Air-quality samples are being taken at 19 locations, and three roaming teams also collect samples, said Steve Spurlin, the U.S. Environmental Protection Agency's on-scene coordinator.

So far they have found nothing of concern, he said last night.

Several businesses, including the 500 employees of the Geek Squad City electronics repair firm, reopened yesterday.

But Brooks Elementary School remains closed today, and the school's teachers, but not students, were told to report to Hebron Middle School, said John Roberts, a spokesman for Bullitt County Schools.

All other county schools are open today, but there will be no bus service along Ky. 1020 between Preston Highway and Brooks Hill Road.

Roberts said school officials would decide this afternoon whether Brooks Elementary will be closed tomorrow.

Also yesterday, CSX Corp. offered to reimburse expenses, such as restaurant meals and hotel bills, to residents forced to leave because of the crash.

CSX does not know how much the cleanup will cost, but company spokesman Bob Sullivan said the railroad would reimburse the Zoneton department and other emergency crews for overtime and other expenses.

Rosenker said investigators began questioning the two crew members about how they spent the 72 hours leading up to the derailment, in addition to what they saw and felt shortly before the crash.

There were no signs of any problems with the train in the minutes before the accident, according to the account crew members gave federal investigators.

The train passed another train about eight miles before it derailed. The CSX train's engineer said the other train's crew reported no apparent problems with the Louisville-bound train, Rosenker said.

The event recorder showed that the train was traveling 47 mph at the time of the crash. The train was authorized for speeds up to 50 mph.

The names of the 51-year-old conductor and 65-year-old engineer have not been released. They had been off duty for about 14 hours before the crash, more than the 12 hours required, Rosenker said.

Results from standard toxicology tests will be available within two weeks, he said.

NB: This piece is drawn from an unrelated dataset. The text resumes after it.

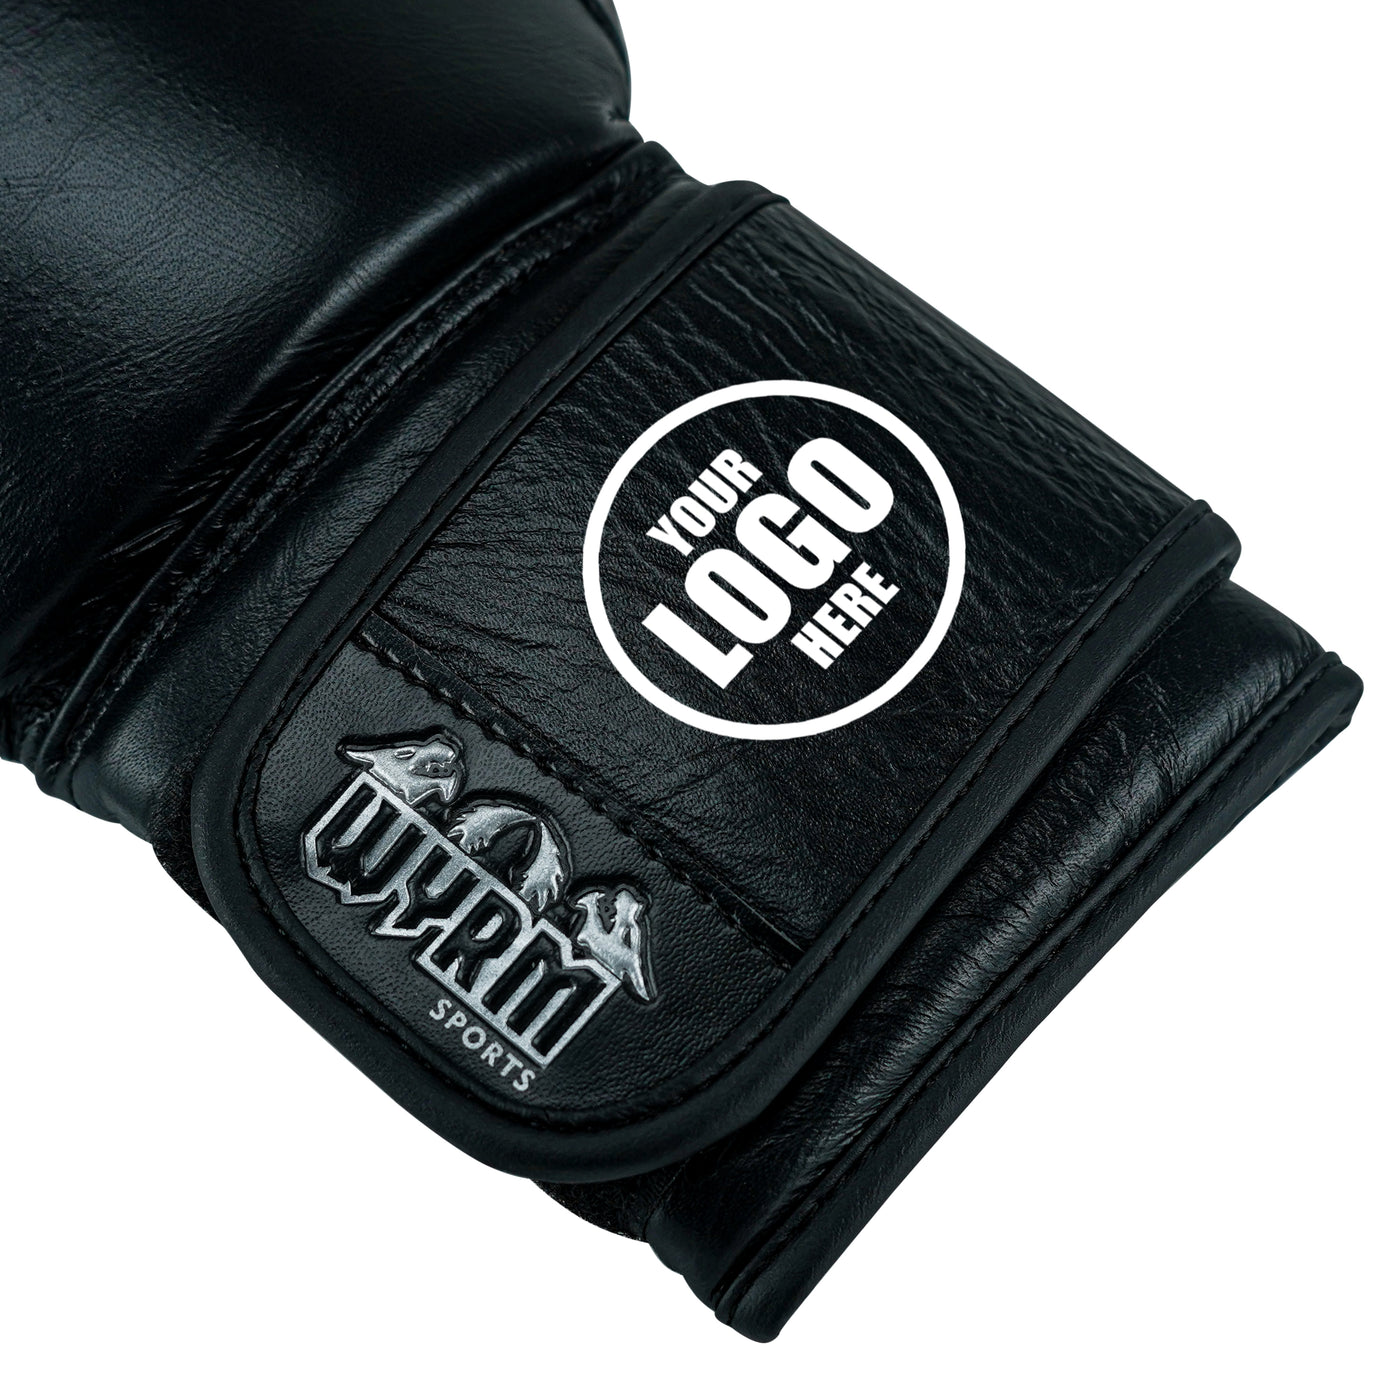 Custom Black Genuine Leather Boxing Training Gloves  C21

Investigators inspected the four locomotives and the 14 cars at the head of the train yesterday, looking for nicks and abrasions that would indicate "if the train struck anything on the tracks," Rosenker said.

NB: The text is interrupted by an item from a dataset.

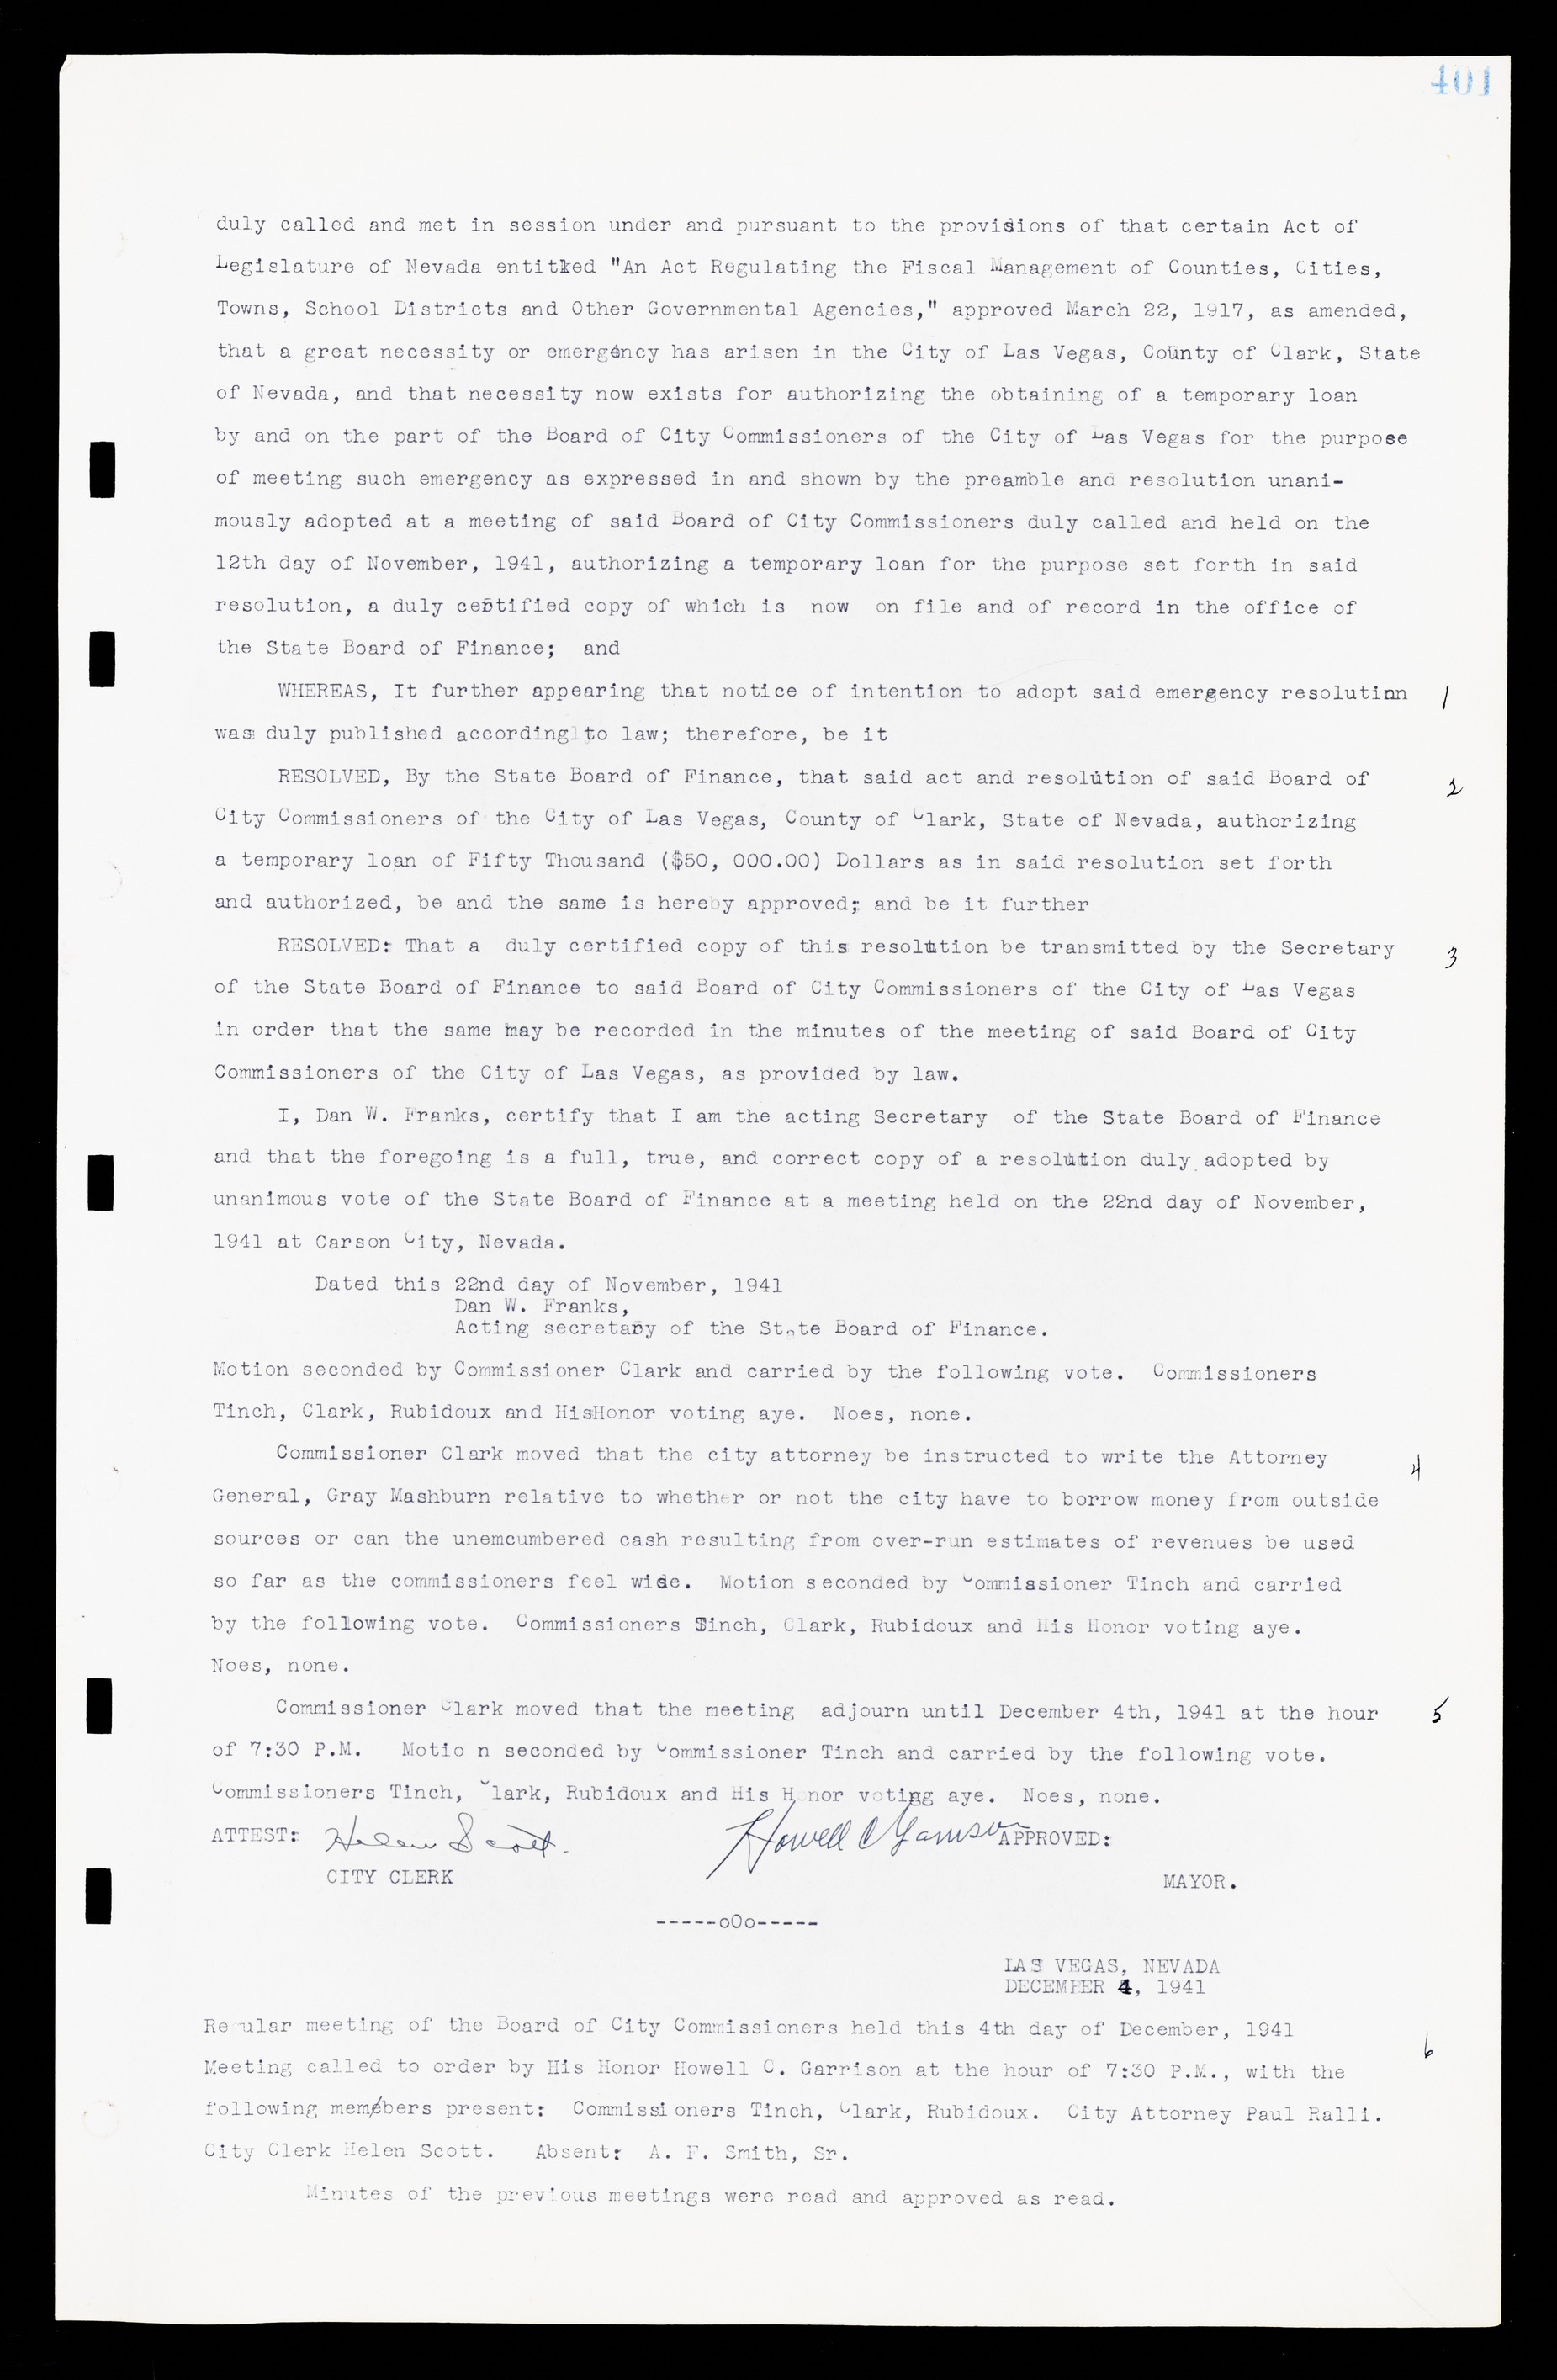 Las Vegas City Commission Minutes, February 17, 1937 to August 4, 1942, lvc000004-427

Federal officials also expected to receive maintenance records for the section of railroad where the derailment occurred. CSX inspected the tracks on Monday as part of routine, twice-a-week maintenance.

Tests investigators performed on cars and the section of track they could reach did not show any obvious defects, Rosenker said. He said he was unaware of previous accidents near the site.

Since the derailment, Kentucky environmental officials have been monitoring waterways for signs of possible chemical contamination. They found an unknown chemical in several tributaries of the Salt River on Tuesday.

Todd Giles, an official with the Kentucky Department for Environmental Protection, said waterways will be sampled for signs of contamination starting today.

Bullitt County farmer Joe Rhea, who lives about three miles north of Shepherdsville, said contractors for CSX skimmed derailment-related pollution all day from a creek that flows through his family's property and is downstream from the wreckage.

Rhea described the pollution as a "petroleum sheen" and "brown muck," and said a sharp odor from chemical vapors irritated his eyes.